Just like the dimensionality as the input data of Conv3d, input data of ConvLSTM is also a 5D tensor (Batch*Timestep*Height*Width*Channels). The input of the neural network module in ConvLSTM is the data in one timestep. For a video, data in one timestep can be interpreted as a video frame. In our experiments, data in one timestep is ST data in spatial dimension.

2.2.4. Model Training and Test

In this study, the original spatiotemporal data and the EEMD processed spatiotemporal data are used to train Conv2d, Conv3d and Conv-LSTM models to predict soil temperatures one day later, three days later and five days later. Persistent forecasting (PF) [37] is also involved in the comparison, which is a simple forecasting method that treats the first day’s temperature as the next day’s forecast. PF can be seen as a minimum criterion to assess the feasibility of DL methods. Experimental data will be split into two parts. The first part, including 80% data, is used for training models. The remaining 20% data are used as the testing set. The overall flow of the experiment is shown in Figure 3.

In the process of training models, we use 10 consecutive days of spatiotemporal ST data to predict the ST after 1, 3 and 5 days in the future. When raw ST data are input into Conv3D and ConvLSTM, there is only 1 channel in the data, where the value is the ST value for a specific area on a particular day. When using EEMD to process ST data, EEMD decomposes the ST sequence in the temporal dimension for the ST in each grid. We set the number of IMFs manually. So the temperature sequence of a certain area was processed by EEMD to obtain 9 IMFs and 1 residual sequence. There are 10 channels of input in EEMD-Conv3D and EEMD-ConvLSTM. For Conv2D, the input tensor can only cover the spatial dimension, so continuous sequences about the ST in the time dimension are preserved through the channels. Therefore, the input data of Conv2D has 10 times more channels than the other two models. The parameter settings of each model are shown in Table 2.

To evaluate the above models and compare their performance in predicting spatiotemporal ST, several statistical evaluation metrics including mean absolute error (MAE), mean squared error (MSE), root mean square error (RMSE), r-squared (

R^{2}

) and mean absolute percentage error (MAPE) are applied to assess model performance. The evaluation metrics are defined as Equation (12) to Equation (16) (yi is the true value of the testing set, ŷi is the prediction value of the model). Due to the existence of division in the calculation of MAPE, the minimum absolute value of the true value is 0.02189

^{\circ}

C. Such kind of data that is close to 0

^{\circ}

C will seriously affect the accuracy of MAPE. Therefore, we averaged the 400 grids of each day before calculating MAPE.
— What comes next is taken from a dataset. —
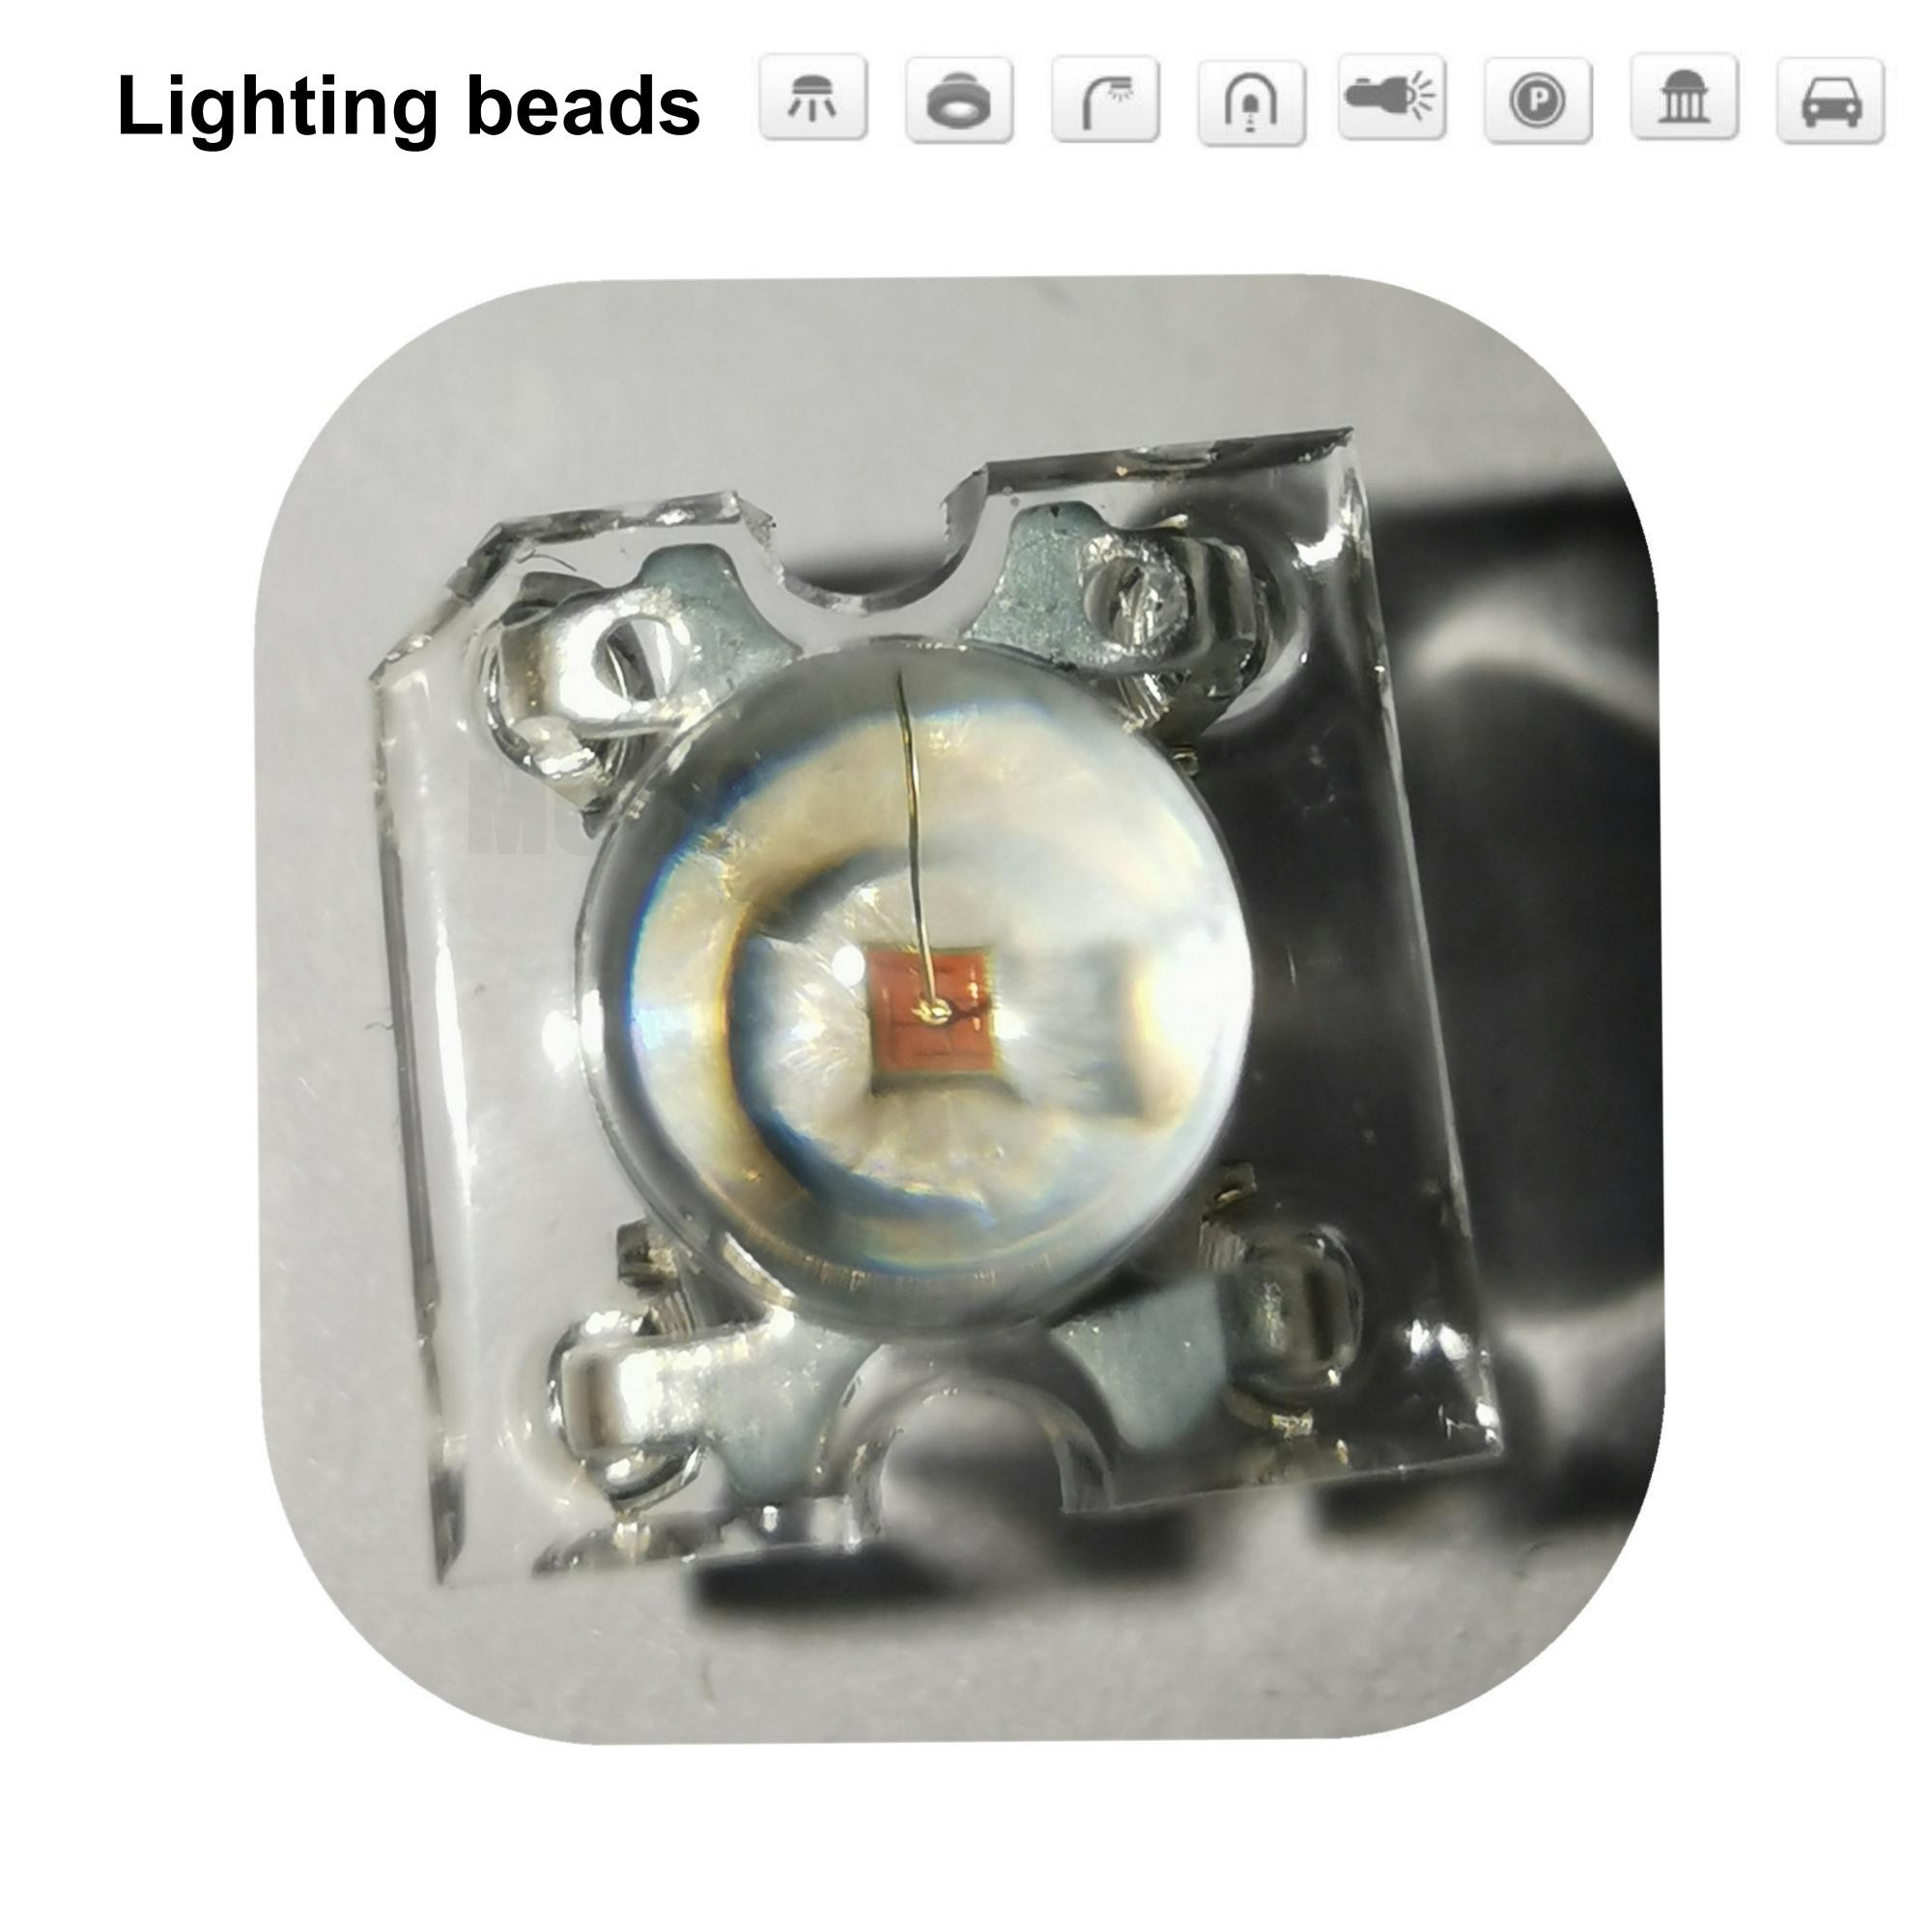 50pcs 5mm Piranha LED Diode Red Light Emitting Diodes Piranha LEDs 5 Mm Brightness Red Piranha F5 Lamp Bead Diodo Lampada

\begin{matrix} M A E = \frac{\sum_{i = 1}^{n} |y_{i} - {\hat{y}}_{i}|}{n} \end{matrix}

(12)

\begin{matrix} M S E = \frac{\sum_{i = 1}^{n} {(y_{i} - {\hat{y}}_{i})}^{2}}{n} \end{matrix}

(13)

\begin{matrix} R M S E = \sqrt{\frac{\sum_{i = 1}^{n} {(y_{i} - {\hat{y}}_{i})}^{2}}{n}} \end{matrix}

(14)

\begin{matrix} R^{2} = 1 - \frac{\sum_{i = 1}^{n} {(y_{i} - {\hat{y}}_{i})}^{2}}{\sum_{i = 1}^{n} {(y_{i} - {\bar{y}}_{i})}^{2}} \end{matrix}

(15)

\begin{matrix} M A P E = \sum_{i = 1}^{n} |\frac{y_{i} - {\hat{y}}_{i}}{y_{i}}| \times \frac{100 %}{n} \end{matrix}

(16)

3. Results and Discussion

3.1. Results

After the models have been trained, we input the test data into each model and obtain the corresponding prediction results. The prediction results and the true values are simultaneously reshaped to a 1-dimensional series, and the performance of the models is assessed using the evaluation metrics. Performance of the models is shown in Table 3. When predicting ST with a one-day delay, DL models using raw data input did not work as well as PF. In contrast, when the DL models used the EEMD-processed data as input, the prediction performance was significantly improved. In addition to this, the DL model combined with EEMD performs better than PF’s performance. Under the same latency conditions, ConvLSTM has better performance than Conv2D and Conv3D in predicting ST using machine models without EEMD. In addition, when the model is combined with EEMD, EEMD-Conv3D has the best performance.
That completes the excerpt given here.